A second port 212 is located on the pad end section 208. The second port 212 becomes in fluid communication with the borehole wall 214 at the second portion of sealed annulus 232 b when the piston 210 is extended. When the elastomer seal 206 is sealed against the borehole wall 214 only formation fluid to flow through the second port 212. The second port 212 is connected to a differential pressure gauge 220 by a conduit 216. The differential pressure gauge 220 measures the differential pressure between the first and second annulus portions 232 a and 232 b during periods of high temperature gradients e.g. when drilling fluid is not circulating. The differential pressure gauge 220 is preferably a strain gauge type sensor, piezo-resistive sensor or similar system having high resolution and good temperature compensation for a dynamic pressure measurement as a differential pressure measurement referenced to annulus pressure. A smaller full scale range pressure measurement gauge (not separately shown) is then utilized resulting in better resolution. The strain gauge or similar system has the advantage of better temperature compensation compared to a high resolution quartz gauge used for absolute pressure measurements. However, to achieve an absolute pressure, a quartz gauge is needed to measure the absolute annulus pressure and then the differential pressure is added to it.

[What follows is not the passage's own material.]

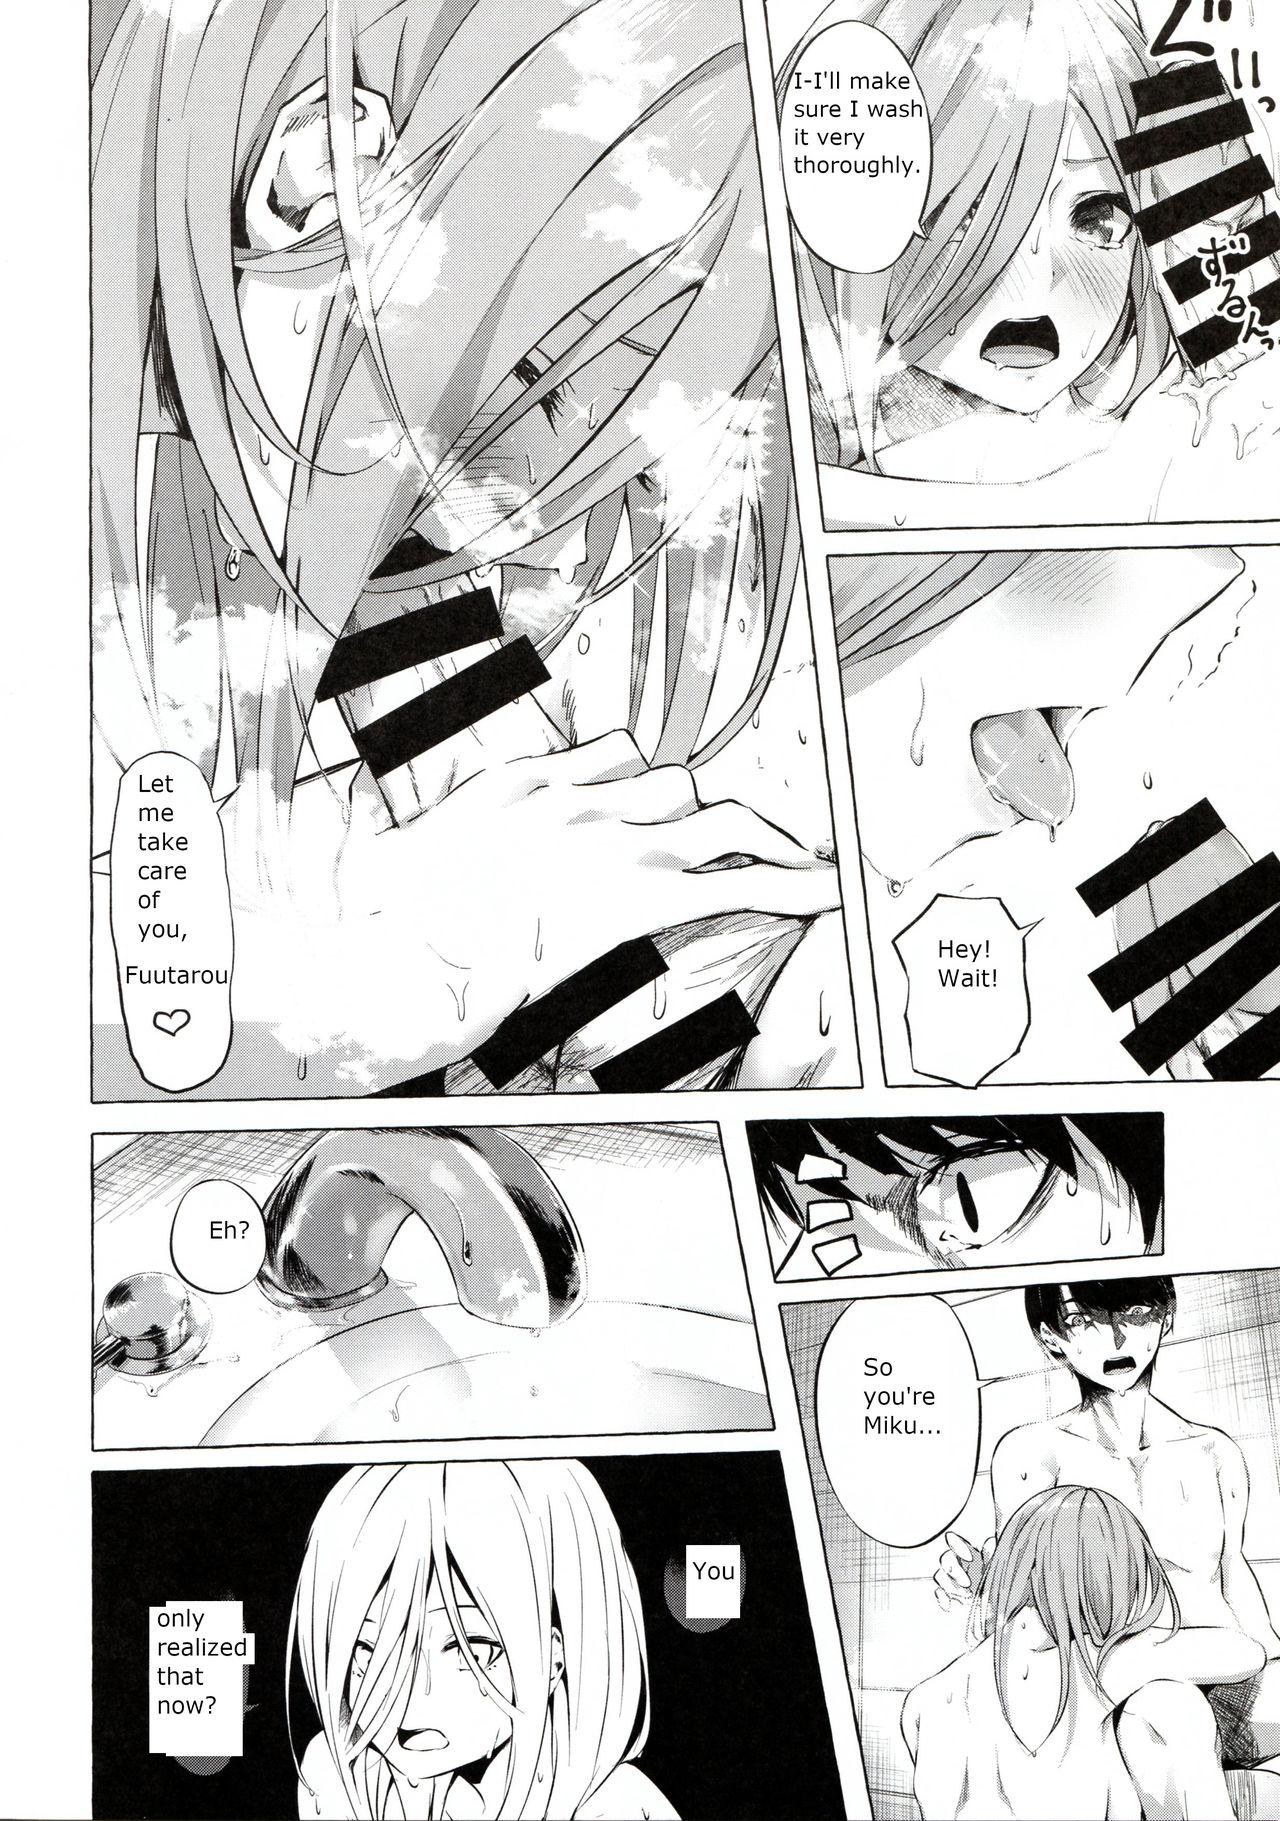 Punish Gotoubun no Sorayume - Gotoubun no hanayome Negao - Page 6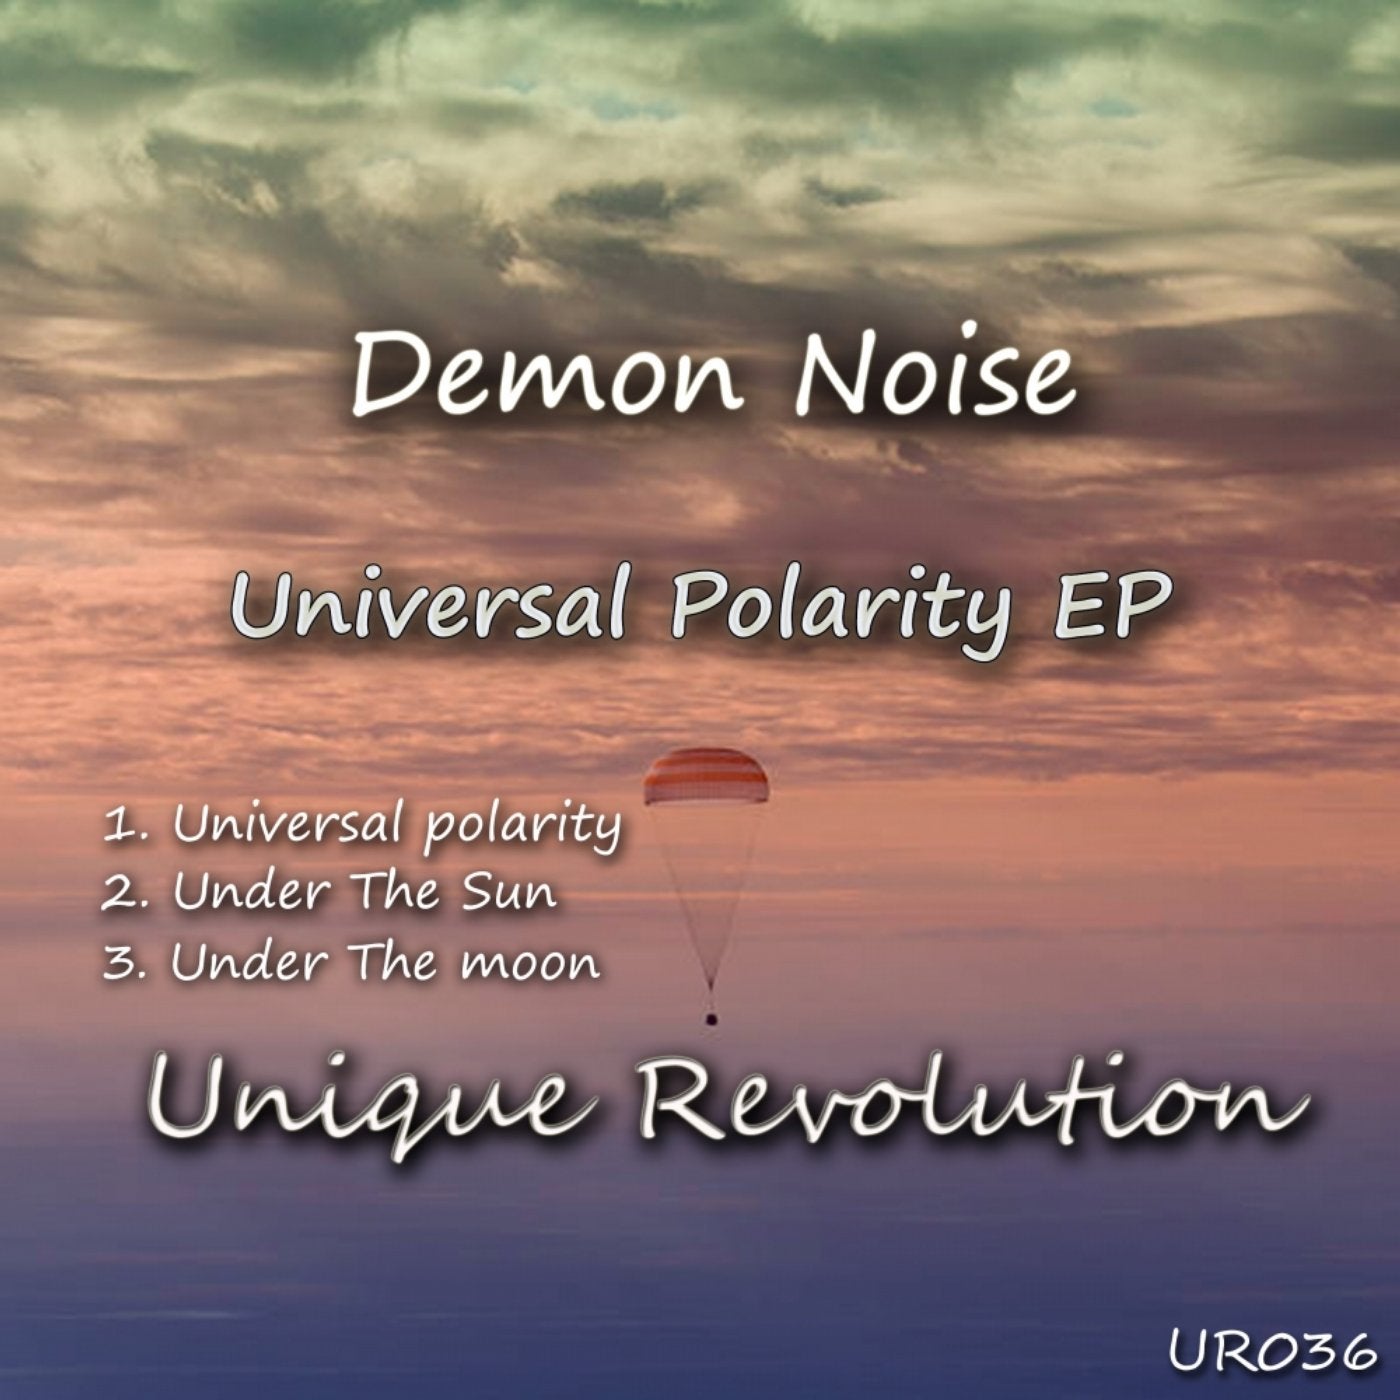 Universal Polarity EP

The absolute pressure gauge 234 and the differential pressure gauge 220 are operatively associated such that the absolute pressure gauge 234 provides a start range for the differential pressure gauge 220. In this manner, the differential pressure gauge 220 is measuring a pressure with respect to the absolute pressure reading. This configuration allows for:a smaller differential pressure reading scale. Differential pressure sensors of the type described herein are much more accurate for smaller differential pressures. Thus the combination of absolute and differential pressures provides a highly accurate pressure reading.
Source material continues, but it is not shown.